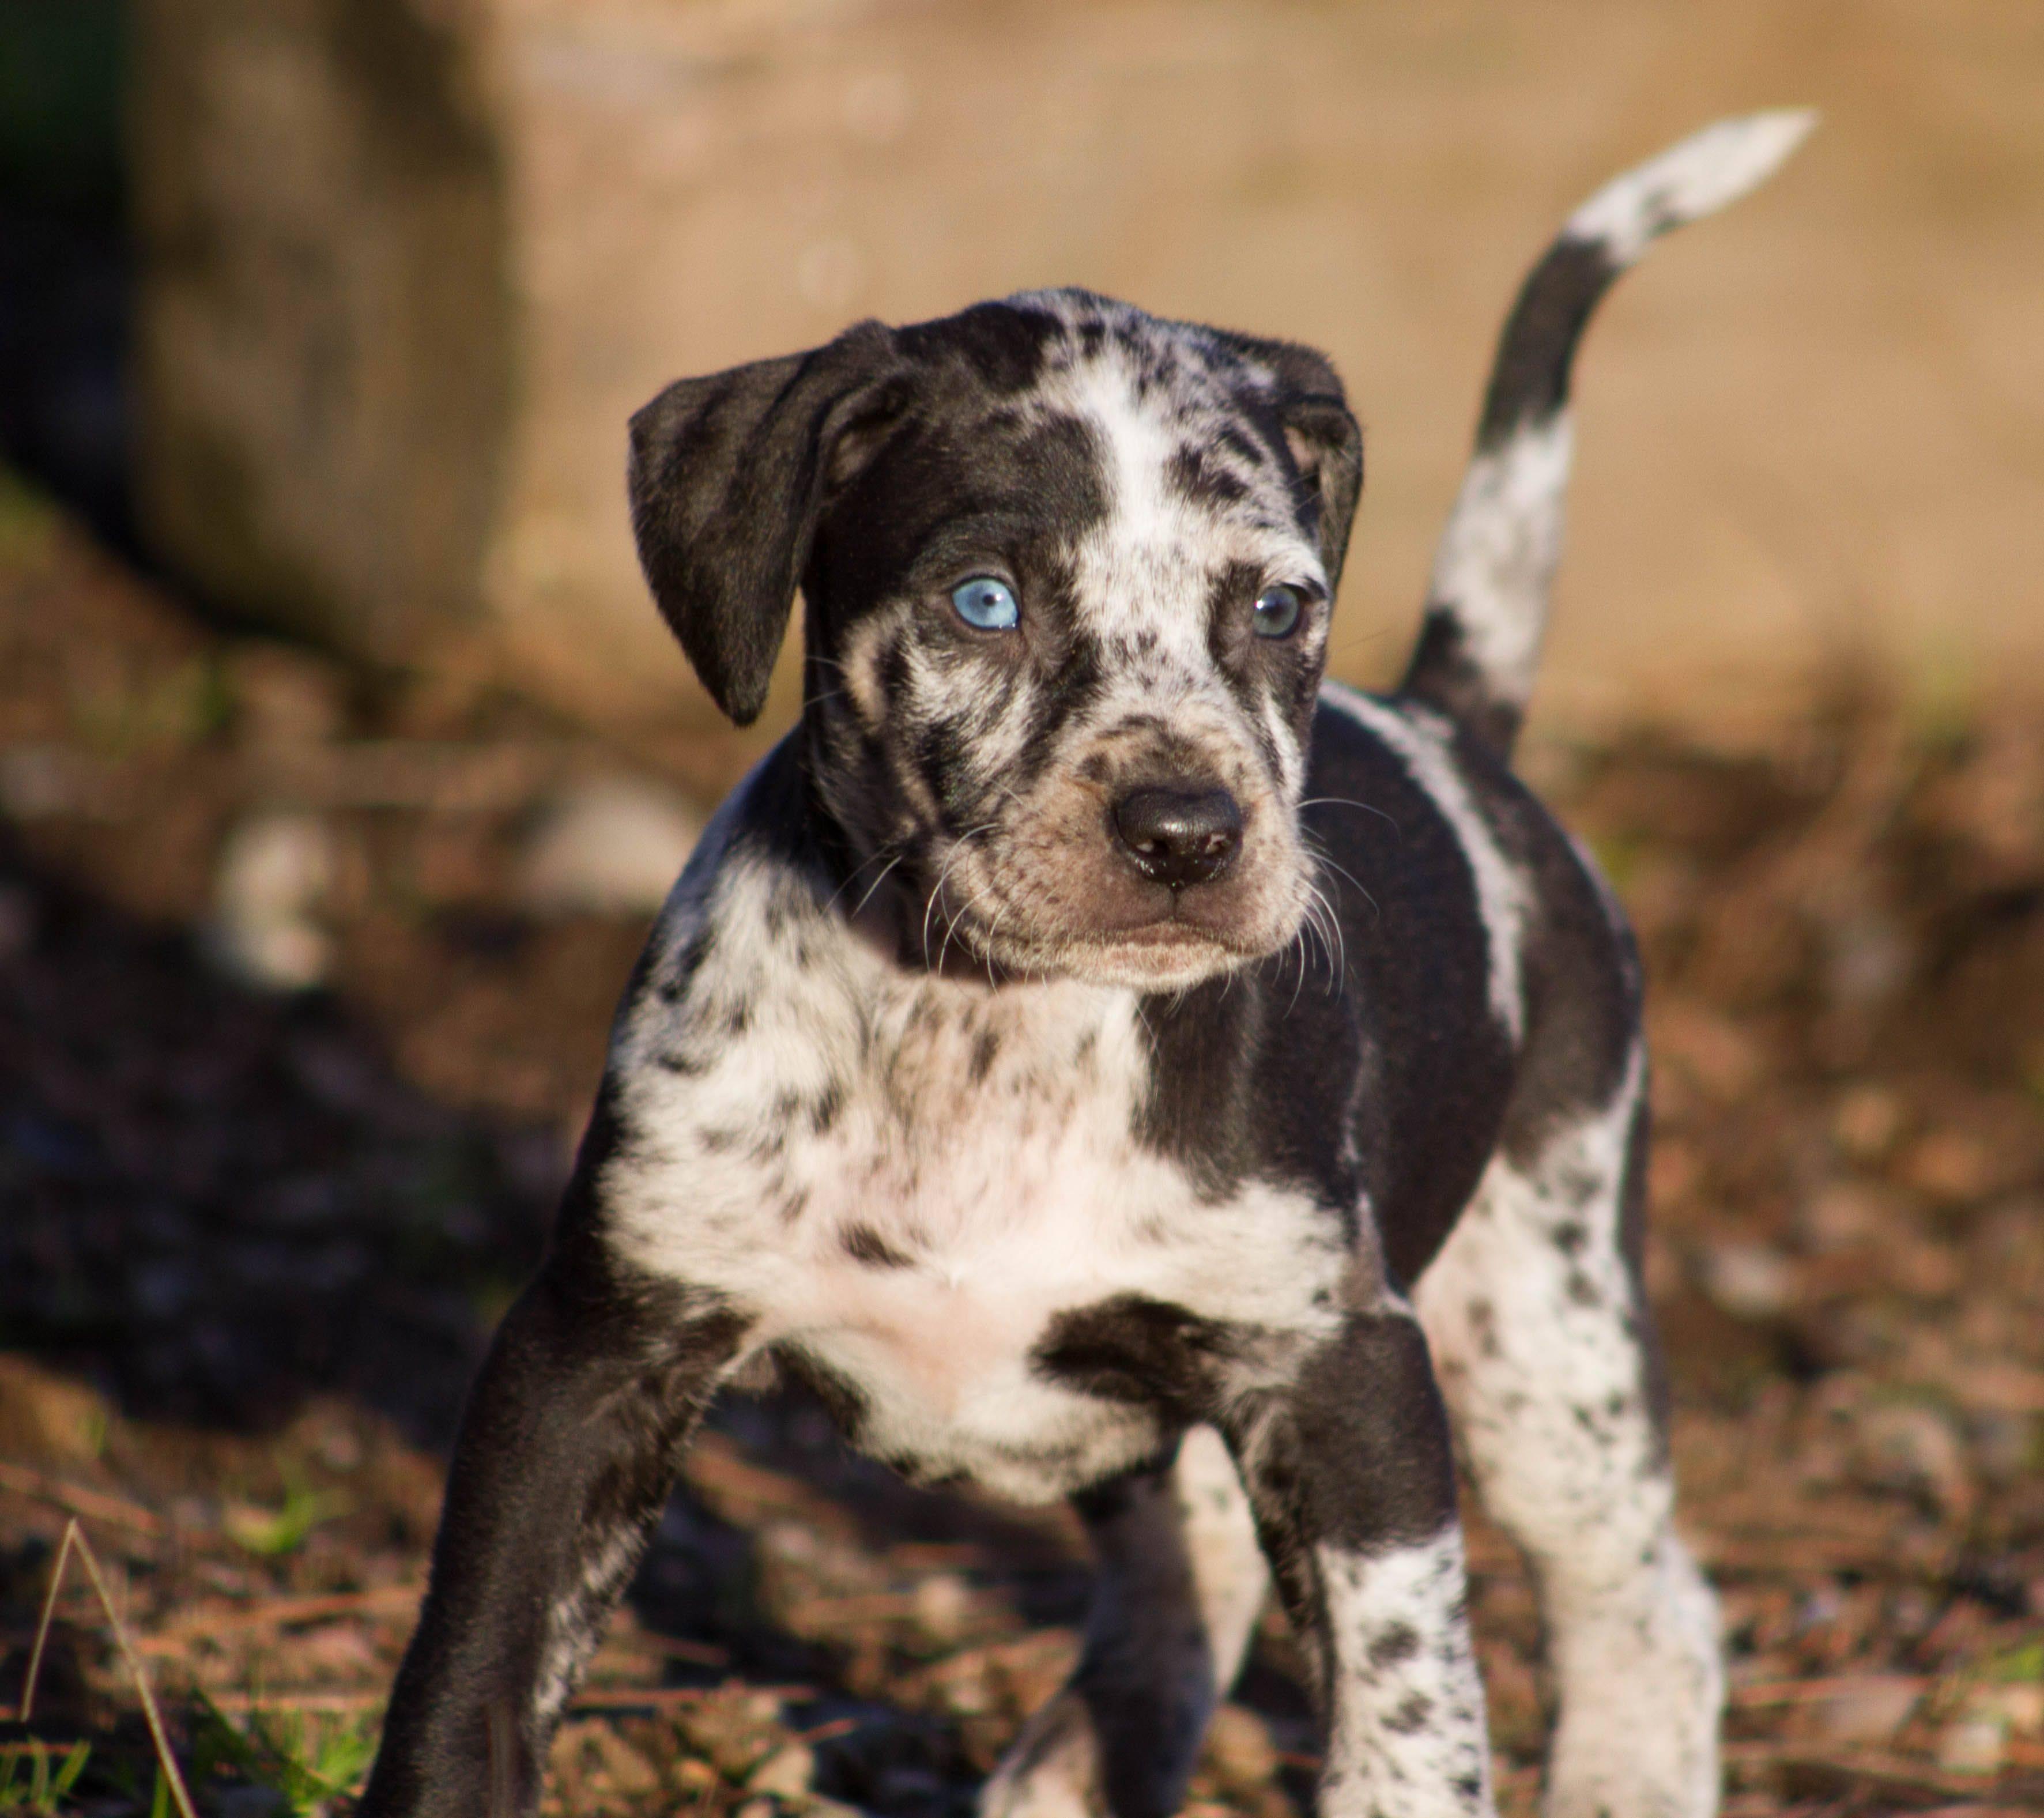 Азорская пастушья собака: фото, купить, видео, цена, содержание дома
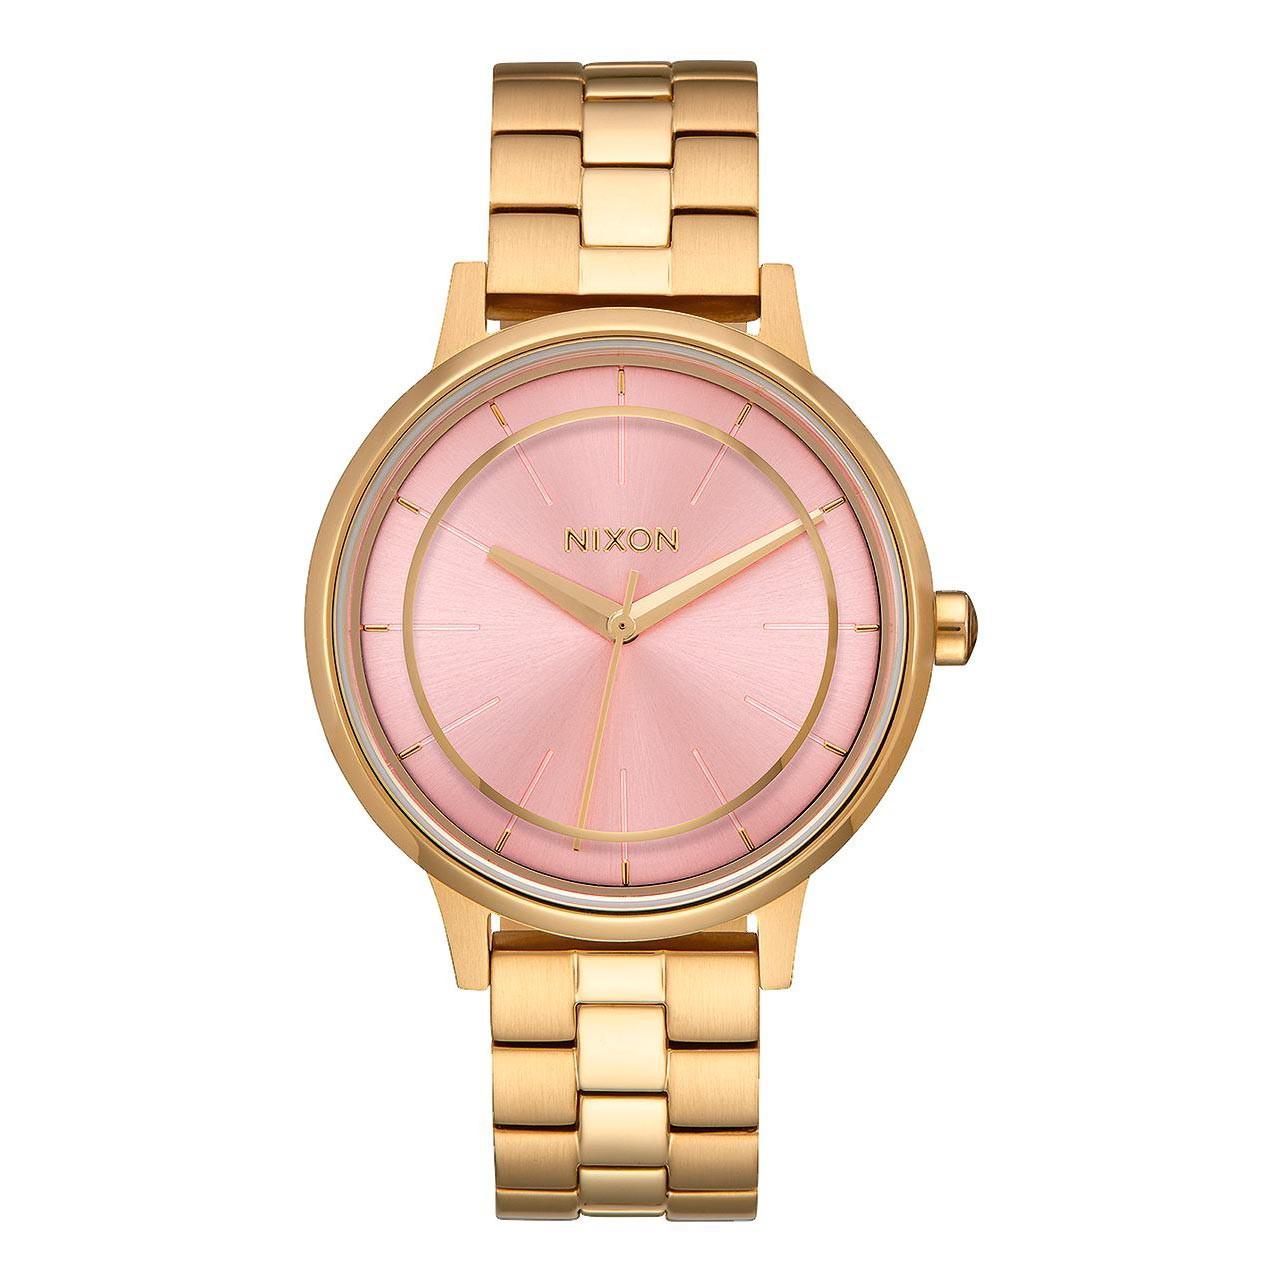 Hodinky Nixon Kensington light gold/pink vel.ocel 16 + doručení do 24 hodin
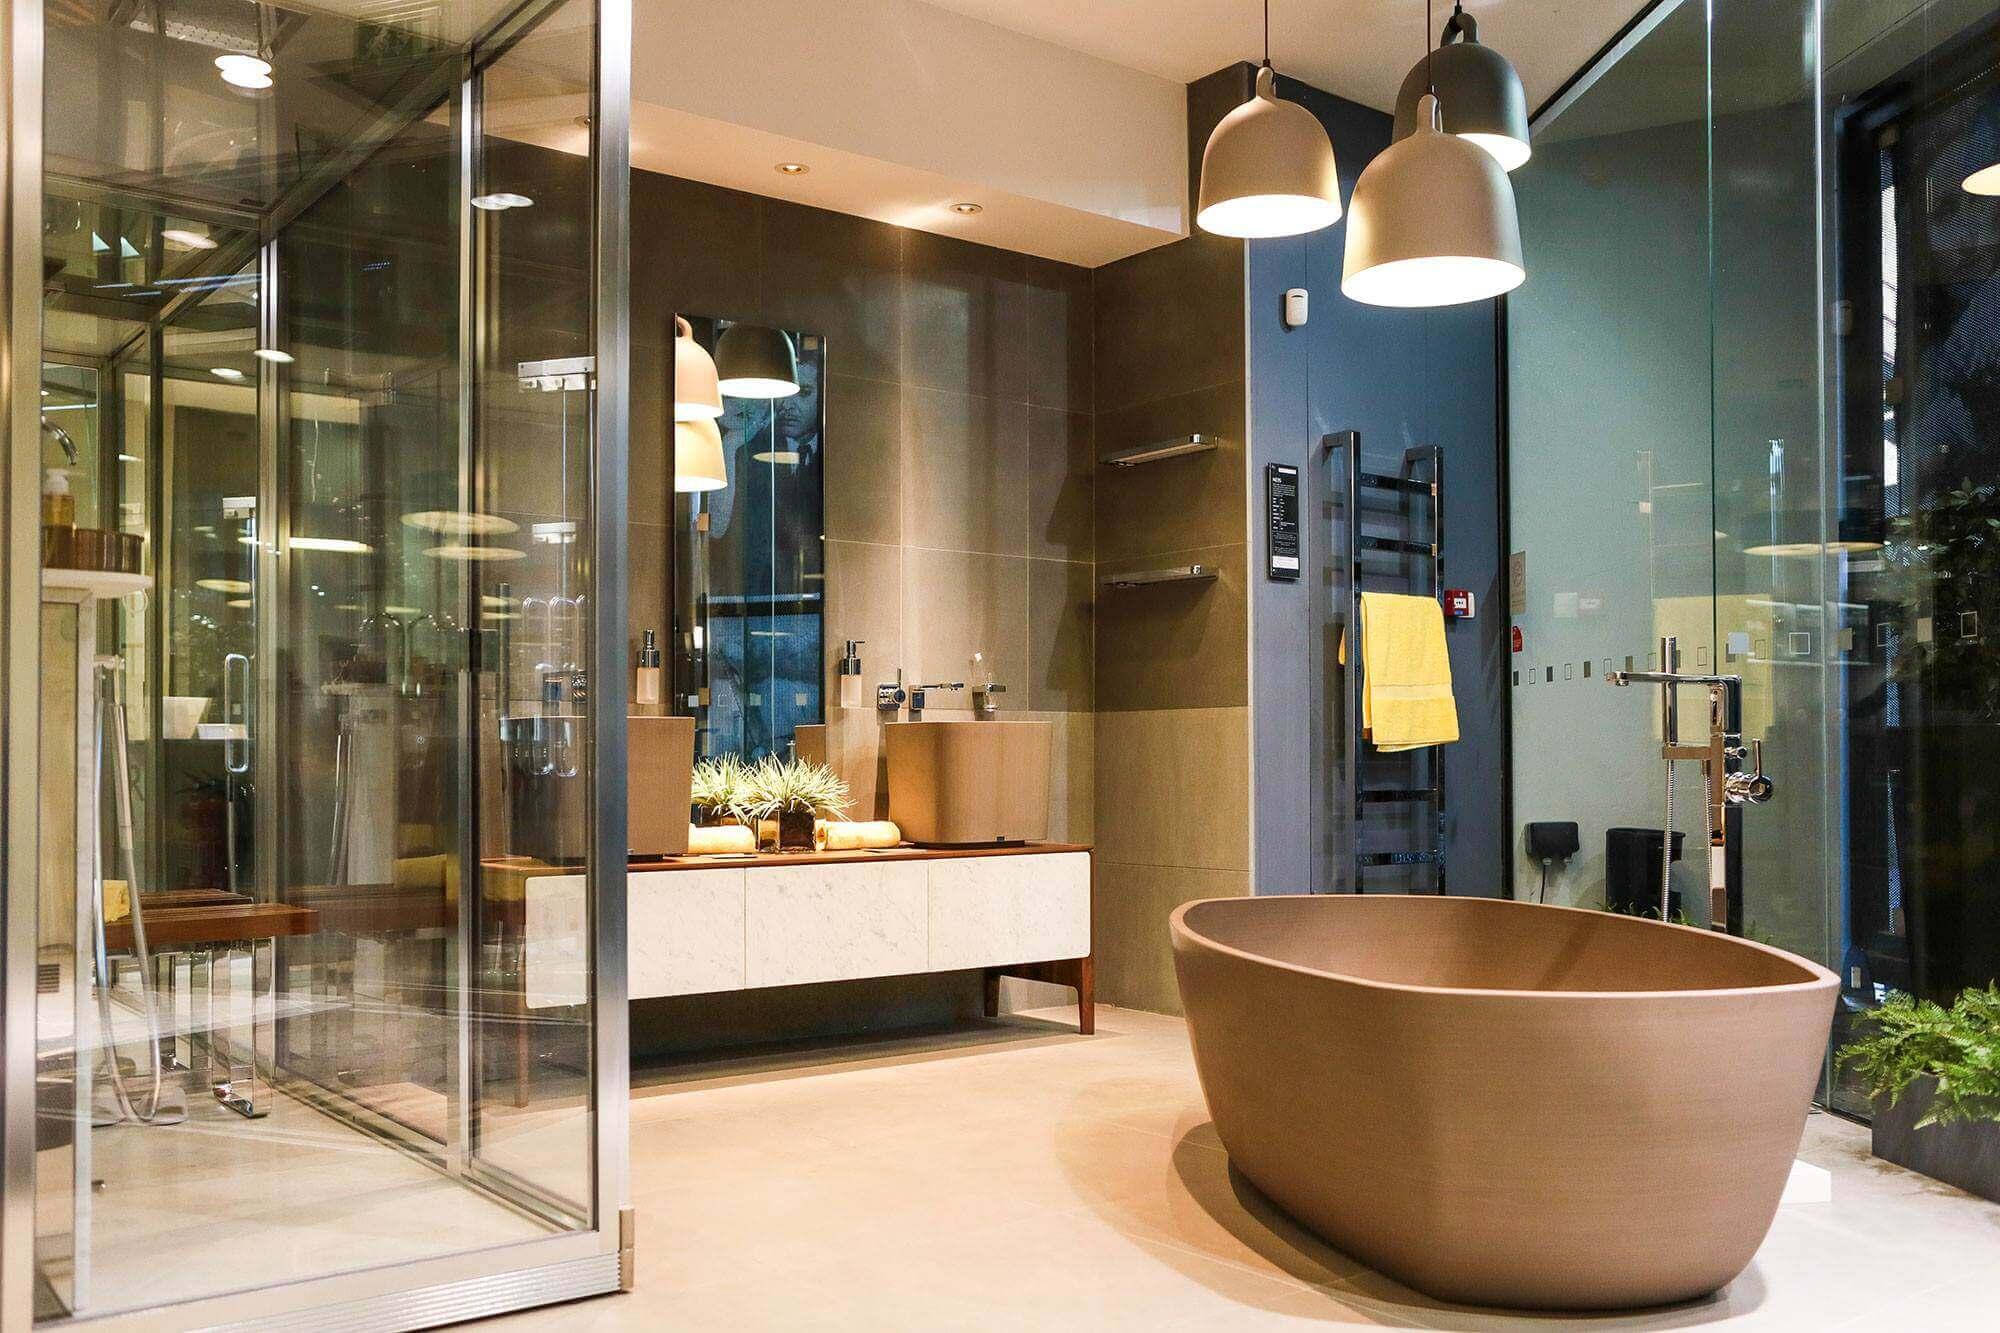 wohnzimmer m bel trends m bel trends 2017 wohnzimmer. Black Bedroom Furniture Sets. Home Design Ideas
::::::::
Work required - Repeat the listing word for word. Leave images out.

Answer to the problem -
 Азорская пастушья собака: фото, купить, видео, цена, содержание дома
 Hodinky Nixon Kensington light gold/pink vel.ocel 16 + doručení do 24 hodin
 wohnzimmer m bel trends m bel trends 2017 wohnzimmer. Black Bedroom Furniture Sets. Home Design Ideas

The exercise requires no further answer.